Wednesday, February 8, 2012

White-bellied Green Pigeon - Looking for love in all the wrong places

female White-bellied Green Pigeon Treron sieboldii (Jeju Island, March 20, 2010)
female White-bellied Green Pigeon Treron sieboldii (Jeju Island, March 20, 2010)
female White-bellied Green Pigeon Treron sieboldii (Jeju Island, March 20, 2010)
  I count myself lucky for having seen this bird for several reasons. Firstly - look at it, it's a spectacular bird! This is the female, the male is similar, with chestnut/maroon scapulars. The second reason is that it wasn't really supposed to be there. Depending on who you ask, the species is either accidental, or a scarce migrant to South Korea, with less than 10 records a year here. Less than five is probably more accurate. 
  The story of this particular bird is a fairly romantic one, or at least it is when I tell it (hopefully I've got my facts straight). This female was thought to have been blown onto Jeju Island by a weather system a few years back, and ended up in the Halla Arboretum on the island's northern side. Scattered throughout the arboretum are trees with hard green berries that are favoured by the White-bellied Green Pigeon, but are by no means common in Korea. The female stayed in the arboretum all summer, and presumably returned to southern China in the fall. The next spring, local birders were surprised and pleased to find that the same bird had returned to the arboretum again, perhaps confused by the presence of its favourite tree. Sadly, it was waiting for a mate that would never arrive, as a male has never been seen in the arboretum.
  Hearing of this tragic unrequited love story in 2009, I spent more days than I'd like to admit stumbling through the arboretum, neck craned upwards, looking for a relatively immobile green bird in an ocean of green trees. Another reason I'm lucky to have finally seen it, I suppose. That year I didn't see the White-bellied Green Pigeon, but I must have hallucinated it a few dozen times in the course of my fruitless wanderings.
  In the spring of 2010, I went back on Green Pigeon patrol, and spent a few more days moping listlessly through the arboretum, my birding spirits waning dramatically. Then, one fine Saturday, I woke up knowing I would see the vaunted bird. I again took the long and winding hour-long bus ride over the mountain from south to north, and headed to the arboretum.

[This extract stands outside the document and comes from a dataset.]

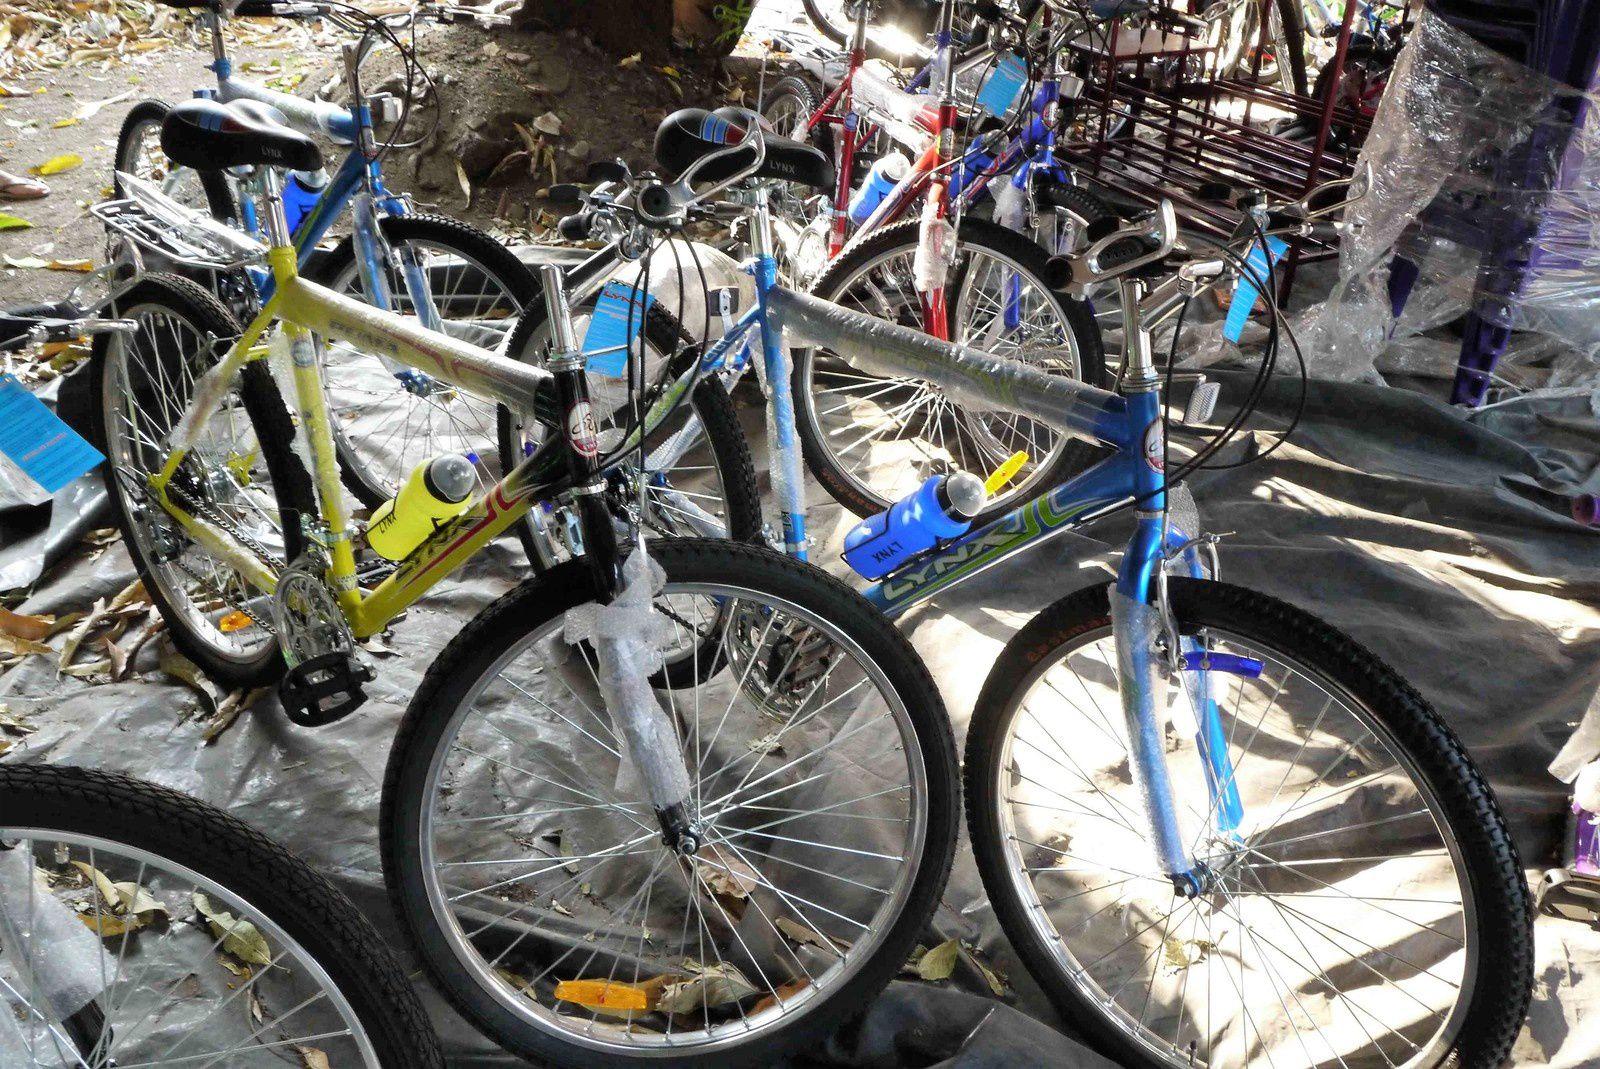 Les vélos sont bien là. Pas de chichis sur les vélos. Du fonctionnel exclusivement, produit au Salvador, au meilleur prix : 95 $ pour le vélo bleu (actuellement, pour faire simple 1 dollar = 1 euro)
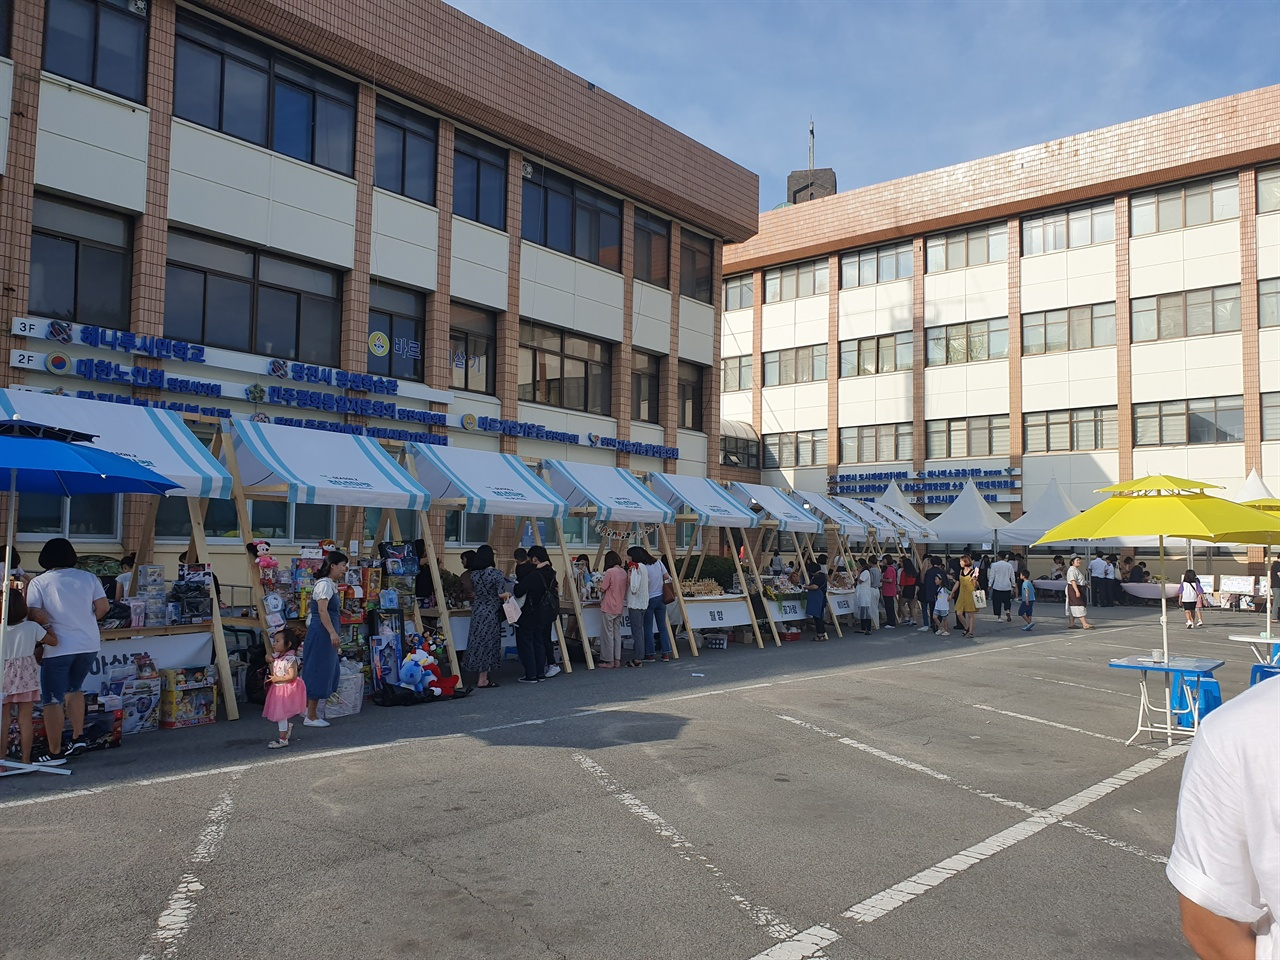 지난달 31일 당진청년마켓 시즌2가 청년센터 나래에서 열린 가운데, 참여자 부족으로 한산한 행사 모습

Within five minutes, I was standing directly under a pigeon in a tree. 'Oh great, another Oriental Turtle Dove playing cruel games with me,' I thought. I looked closer. It was green. I believe my hands started shaking (twitching, actually), and my brain shut down. I stared at it blankly for about a minute with a simple grin on my face before I remembered the binoculars and camera that hung around my neck. Definitely one of my top five birding moments!
  This female didn't return to the arboretum in 2011, and I'd like to think it's because it ran into a handsome male Green Pigeon somewhere, and not a handsome Peregrine...

1 comment:

  1. Hello, Matt teacher. I'm Logan. I saw your pictures. It was wonderful.